Все случится 14 мая 1920 года в Доме искусств на Поварской…

«Выходим еще светлым вечером, – вспоминала Аля, дочь Цветаевой. – Марина объясняет мне, что Блок – такой же великий поэт, как Пушкин». Цветаева же, увидев Блока, запишет: «Худое желтое лицо с запавшими щеками… большие ледяные глаза, короткие волосы – некрасивый… Одежда сидит мешковато, весь какой-то негнущийся – деревянный!.. В народе бы сказали: убитый». Но тут же добавит: «Все! все! все в мире бы отдала за то, чтобы – ну, просто, чтобы он меня любил!» Радовалась, что вокруг него «изумительные уроды», что он некрасив и других не очаровывает: «Значит – больше мой!» Но особо ликовала, когда поймала «волну», на которой он думал. Просто все в зале стали просить Блока прочесть еще и «Незнакомку». «У меня на губах, – пишет Цветаева, – “Седое утро!” Зала: “Незнакомку!..” Я, молча: “Седое утро!” Зала: “Незнакомку! Незнакомку!” Я, окаменев: “Седое утро!..”». И в ту же секунду Блок, словно услышав ее, тихо объявляет: «Седое утро…»

Ей очень хотелось подойти к нему.
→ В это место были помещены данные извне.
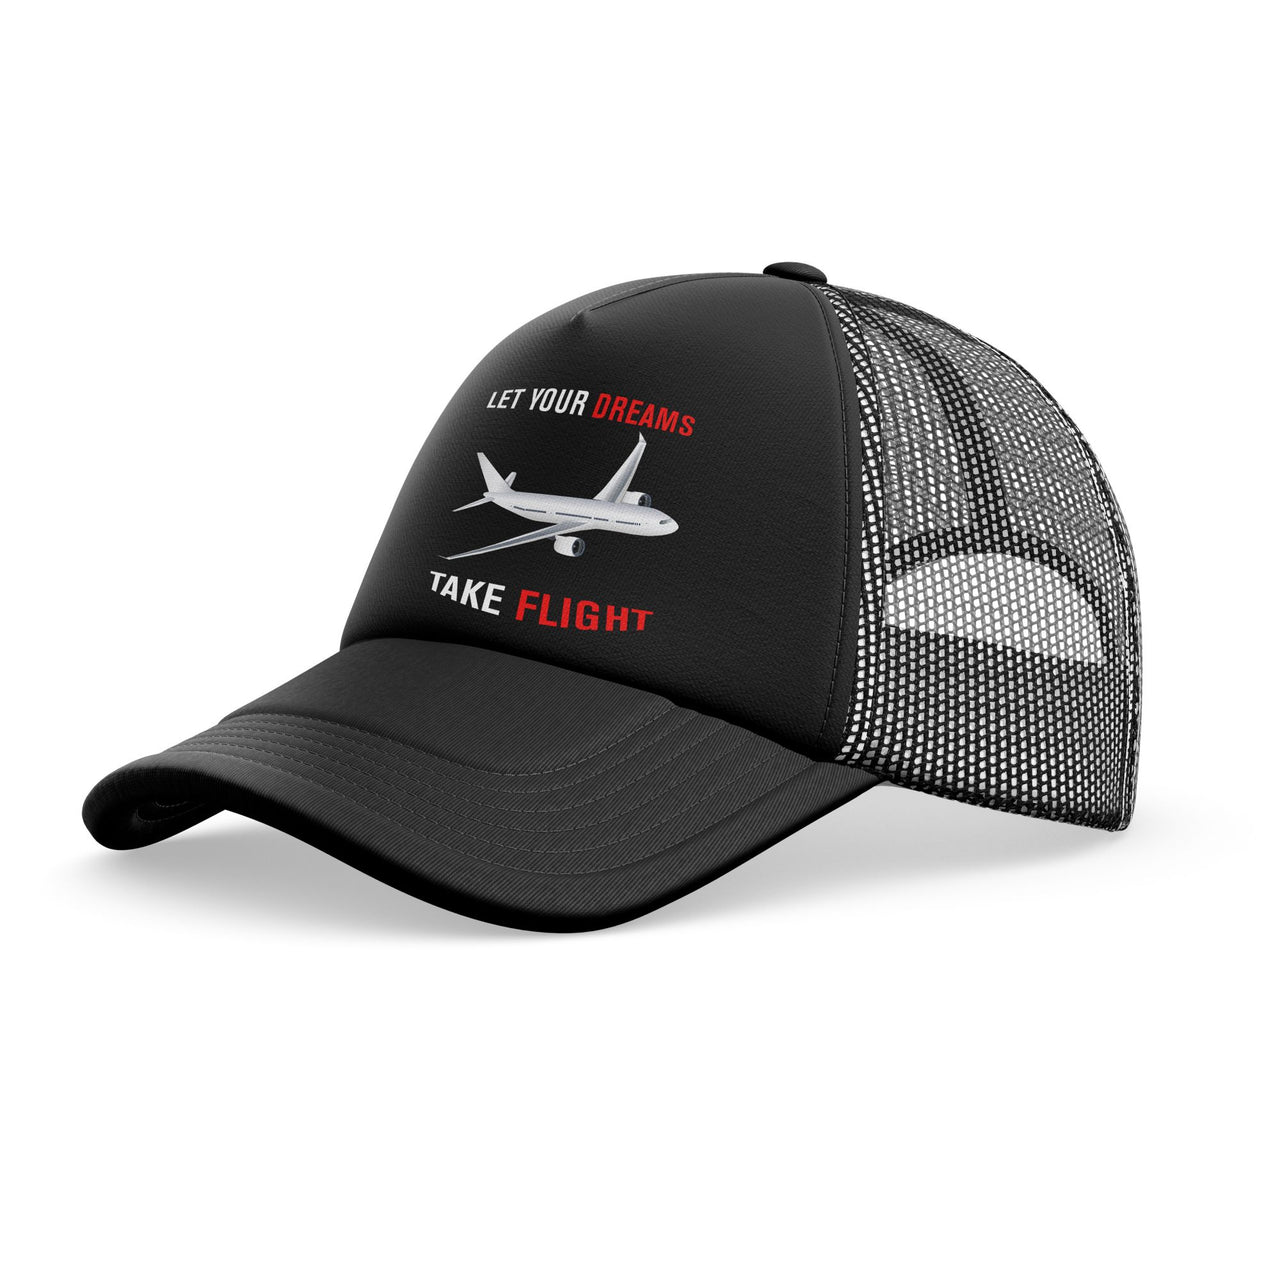 Let Your Dreams Take Flight Designed Trucker Caps & Hats

Чего, казалось бы, проще: «Я такая-то…» Но в тетради после этих слов вывела: «Обещай мне за это всю любовь Блока – не подойду». И не подошла. Когда вечер окончится, попросит знакомого подвести к Блоку Алю с конвертом ее стихов. «Я, когда вошла в комнату, где он был, сделала вид, что просто гуляю, – пишет Аля. – Потом подошла к Блоку. Осторожно взяла его за рукав. Он обернулся. Я протягиваю письмо. Он шепчет: “Спасибо”». Цветаева скажет, что жадно подглядывала из зала, как синий конверт ее Блок медленно прятал в нагрудный карман. «Так близко от сердца – в котором я никогда не буду», – запишет. И неожиданно добавит: «Боюсь, что скоро умрет. Нельзя – т а к – без радости…»

Больше его не увидит. Но, не увидев – фантастика! – узнает, как Блок в тот же вечер, улыбался, читая ее письмо. Это расскажет ей позже Надя Нолле, у которой Блок жил в 1920-м в Москве (Арбат, 51). Расскажет, что письма и записки читала ему она, после позднего чая.

«Так было и в этот вечер», – запишет Цветаева ее слова.  «Ну, с какого же начнем? – рассказывала Надя Цветаевой. – Он: “Возьмем любое” – И подает мне как раз Ваше. Вскрываю и начинаю читать, но у Вас ведь такой почерк… Да еще и стихи… И он, беря у меня из рук листы: “Нет, это я должен читать сам”. Прочел… и потом такая до-олгая улыбка. Он ведь очень редко улыбался, за последнее время – никогда…»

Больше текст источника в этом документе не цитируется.